While well-known pests like mice, rats, and cockroaches have their own dangers, there are plenty of non-native pests that can be incredibly dangerous to people. Kissing bugs are the latest accidental import to the United States, and they carry a nasty disease or cause uncomfortable allergic reactions in people.
What are Kissing Bugs?
Kissing bugs, also known as reduviid bugs, are found in southern countries like Mexico, Central America, and South America. They’re now found in the southern United States, but they’ve been reported in over half of the states now. These bugs are found indoors and outdoors. If they’re living outside, they’re found in areas like woodpiles, in outdoor dog kennels, under porches, and in cracks and holes in homes/buildings. They come out at night, preferring to hide away during the day. They like to stay close to blood hosts like humans, mammals, birds, and even reptiles, so chicken coops can become infested. Well constructed and sealed homes don’t usually see kissing bugs indoors because the bugs prefer to find easily accessible homes.
Why Are They Dangerous?
Kissing bugs are dangerous because they carry a parasite known as Trypanosoma cruzi that causes Chagas disease. This disease attacks the digestive and cardiovascular systems. There are two phases to Chagas disease. The acute phase includes symptoms like fever, rash, sores where the parasite entered the body, vomiting, diarrhea, and swollen eyes. This phase isn’t dangerous to healthy adults, but it is harmful in children or immunocompromised people. In healthy people, the symptoms of the acute phase disappear on their own, and the parasite goes dormant in the body for years.
The second phase, the chronic phase, is when things get dangerous for the parasite’s host. This is when the heart and digestive systems are targeted and damaged. The parasite causes an enlargement of the heart, intestines, or esophagus. An enlarged heart leads to heart failure or an irregular heartbeat, and these things can then lead to a heart attack.
How is Chagas Disease Transmitted to Humans?

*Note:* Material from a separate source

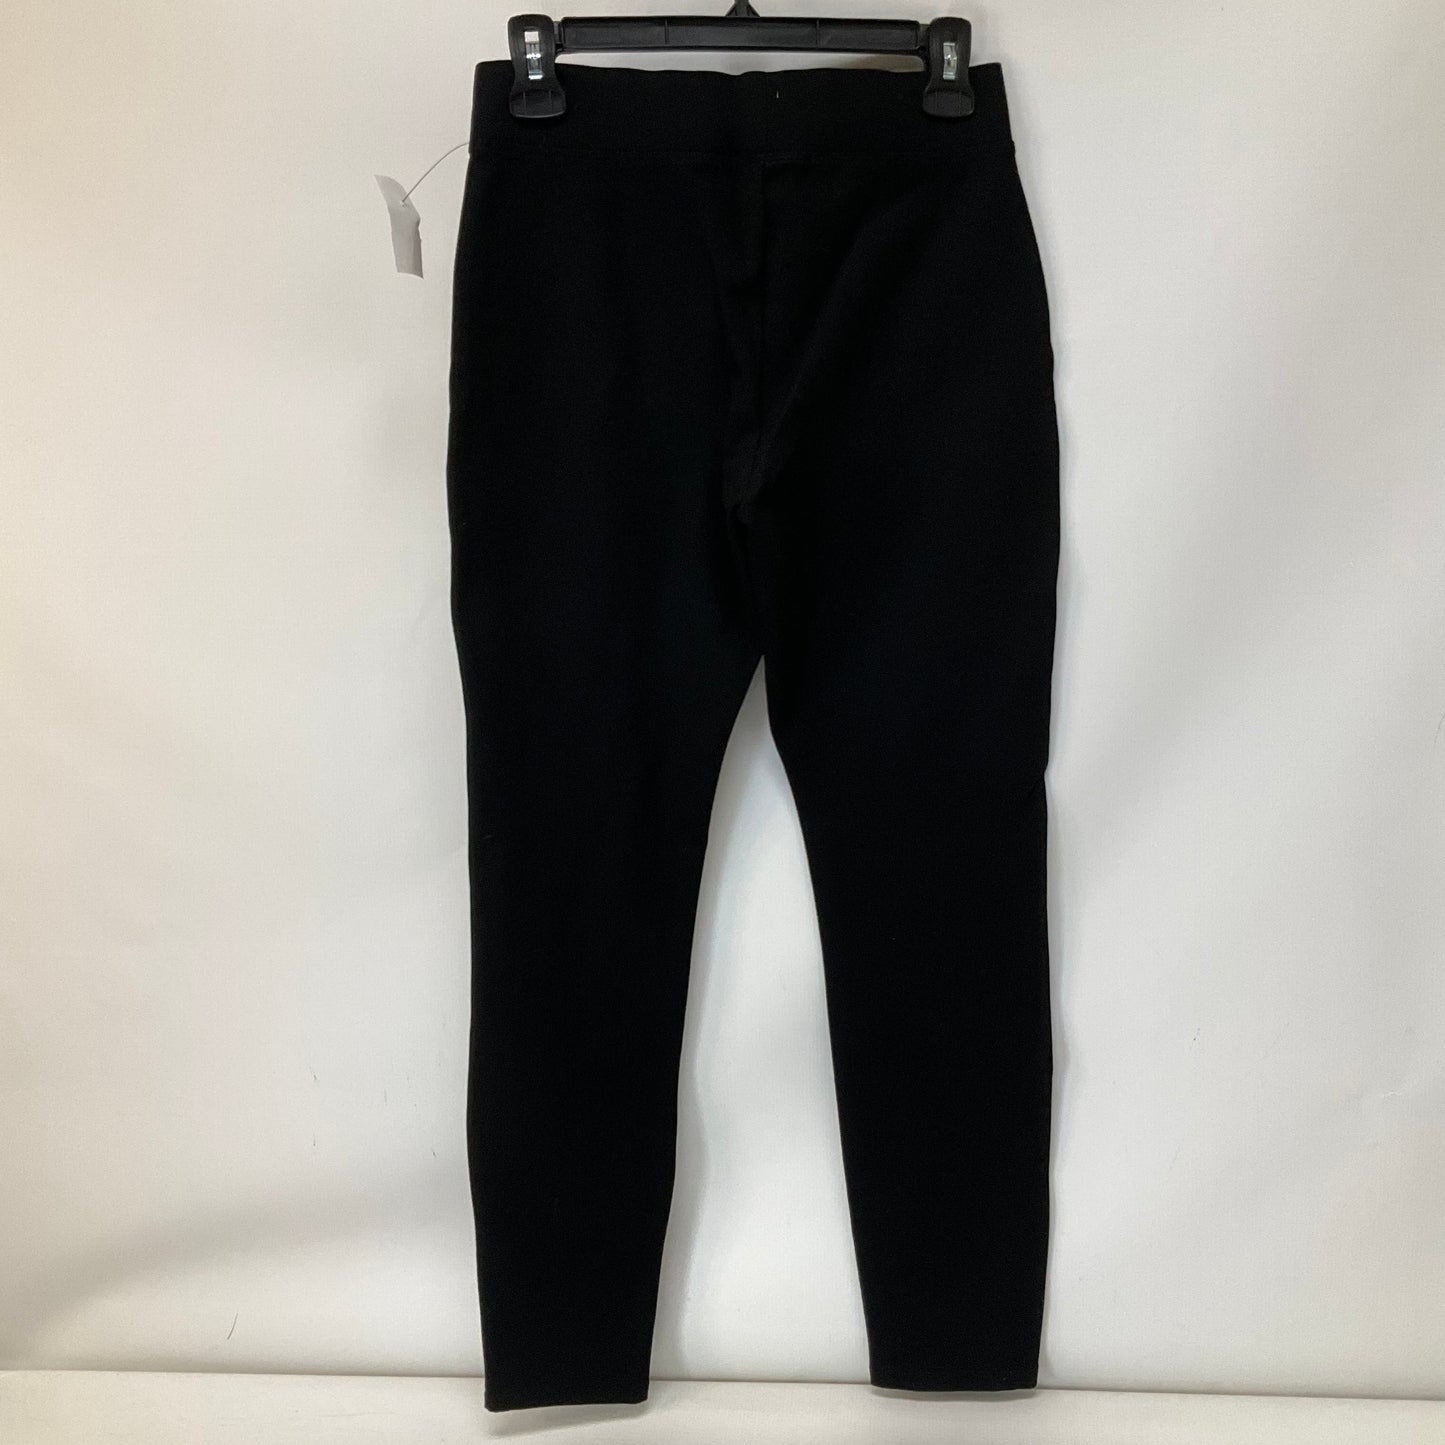 Black Pants Dress Cmb, Size S

Kissing bugs are given that nickname because they typically feed on blood through the thin skin around a person’s mouth. However, it isn’t the bite that transmits the parasite; it’s the bug’s feces. When a bug bites a person or animal with a T. cruzi infection, the bug becomes positive and the parasite is subsequently spread through the newly infected bug’s droppings. As the bugs feed on people/animals, they leave feces on the skin, which then enter the person through their eyes, mouth, or through the bite.
Is Chagas Disease Treatable?
The parasite is easily treatable during the acute phase, and doctors can run a blood test to see if the patient is positive for the parasite. Patients who test positive need to undergo heart tests to ensure the heart hasn’t been affected. The two drugs that treat the parasite (benznidazole and nifurtimox) kill it, but they must be taken soon after infection in order to be completely effective. The longer the disease is present, the less likely it is the drugs will work. In the United States, the drug isn’t approved by the FDA, so patients have to get it from the Center for Disease Control.
Over 8 million people in Latin America test positive for Chagas disease. While it’s virtually unheard of in the United States, other countries don’t have this luxury. People living in areas with kissing bugs should be able to recognize the bugs and take the proper precautions to prevent an infestation.